INSTRUCTIONS FOR THE TASK
Filter the records down to the lines that hold the word "para", and copy each of those lines.

SUPPLIED RECORDS
* * *

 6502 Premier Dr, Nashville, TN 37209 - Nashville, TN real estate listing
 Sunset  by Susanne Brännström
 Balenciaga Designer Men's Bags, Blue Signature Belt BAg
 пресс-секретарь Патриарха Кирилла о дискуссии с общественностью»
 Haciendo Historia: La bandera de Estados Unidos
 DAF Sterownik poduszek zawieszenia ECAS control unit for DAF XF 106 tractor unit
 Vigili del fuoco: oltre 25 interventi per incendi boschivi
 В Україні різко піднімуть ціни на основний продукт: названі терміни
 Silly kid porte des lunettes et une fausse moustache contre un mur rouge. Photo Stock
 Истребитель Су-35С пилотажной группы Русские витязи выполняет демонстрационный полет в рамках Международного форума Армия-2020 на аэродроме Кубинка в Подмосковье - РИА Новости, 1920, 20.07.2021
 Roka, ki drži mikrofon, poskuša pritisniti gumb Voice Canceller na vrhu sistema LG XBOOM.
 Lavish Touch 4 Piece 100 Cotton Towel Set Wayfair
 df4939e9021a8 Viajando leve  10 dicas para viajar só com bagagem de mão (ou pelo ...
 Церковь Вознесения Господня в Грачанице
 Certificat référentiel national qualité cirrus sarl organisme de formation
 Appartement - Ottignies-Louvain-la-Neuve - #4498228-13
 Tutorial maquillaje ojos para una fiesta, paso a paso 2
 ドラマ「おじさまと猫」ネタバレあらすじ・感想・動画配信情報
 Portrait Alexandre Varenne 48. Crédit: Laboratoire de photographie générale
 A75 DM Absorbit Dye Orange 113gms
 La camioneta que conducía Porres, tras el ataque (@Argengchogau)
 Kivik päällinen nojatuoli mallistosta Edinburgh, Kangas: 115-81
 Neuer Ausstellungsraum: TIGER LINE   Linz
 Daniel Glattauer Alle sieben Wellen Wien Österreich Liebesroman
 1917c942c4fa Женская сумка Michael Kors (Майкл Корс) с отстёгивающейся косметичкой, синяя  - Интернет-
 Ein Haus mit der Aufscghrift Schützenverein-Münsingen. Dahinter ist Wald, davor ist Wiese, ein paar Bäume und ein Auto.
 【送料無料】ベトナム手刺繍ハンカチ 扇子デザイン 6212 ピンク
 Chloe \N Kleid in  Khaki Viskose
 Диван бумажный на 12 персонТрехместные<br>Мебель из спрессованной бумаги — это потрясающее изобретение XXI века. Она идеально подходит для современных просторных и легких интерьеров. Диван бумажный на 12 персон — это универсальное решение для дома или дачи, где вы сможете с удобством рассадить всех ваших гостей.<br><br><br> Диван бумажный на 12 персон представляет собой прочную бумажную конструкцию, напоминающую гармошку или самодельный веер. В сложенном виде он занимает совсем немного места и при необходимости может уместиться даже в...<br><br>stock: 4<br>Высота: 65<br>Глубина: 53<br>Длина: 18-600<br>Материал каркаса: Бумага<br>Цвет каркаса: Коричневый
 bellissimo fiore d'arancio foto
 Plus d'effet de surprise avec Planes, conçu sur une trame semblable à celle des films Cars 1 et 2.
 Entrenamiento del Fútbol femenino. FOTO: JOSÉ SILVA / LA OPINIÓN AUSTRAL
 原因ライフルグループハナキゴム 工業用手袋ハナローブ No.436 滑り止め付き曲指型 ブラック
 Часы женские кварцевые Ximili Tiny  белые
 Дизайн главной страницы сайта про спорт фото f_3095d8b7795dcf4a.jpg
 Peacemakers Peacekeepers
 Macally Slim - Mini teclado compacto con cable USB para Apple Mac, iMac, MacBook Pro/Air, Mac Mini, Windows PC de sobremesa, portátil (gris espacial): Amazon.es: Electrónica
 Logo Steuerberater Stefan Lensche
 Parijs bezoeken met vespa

* * *

RESPONSE AREA
 df4939e9021a8 Viajando leve  10 dicas para viajar só com bagagem de mão (ou pelo ...
 Tutorial maquillaje ojos para una fiesta, paso a paso 2
 Macally Slim - Mini teclado compacto con cable USB para Apple Mac, iMac, MacBook Pro/Air, Mac Mini, Windows PC de sobremesa, portátil (gris espacial): Amazon.es: Electrónica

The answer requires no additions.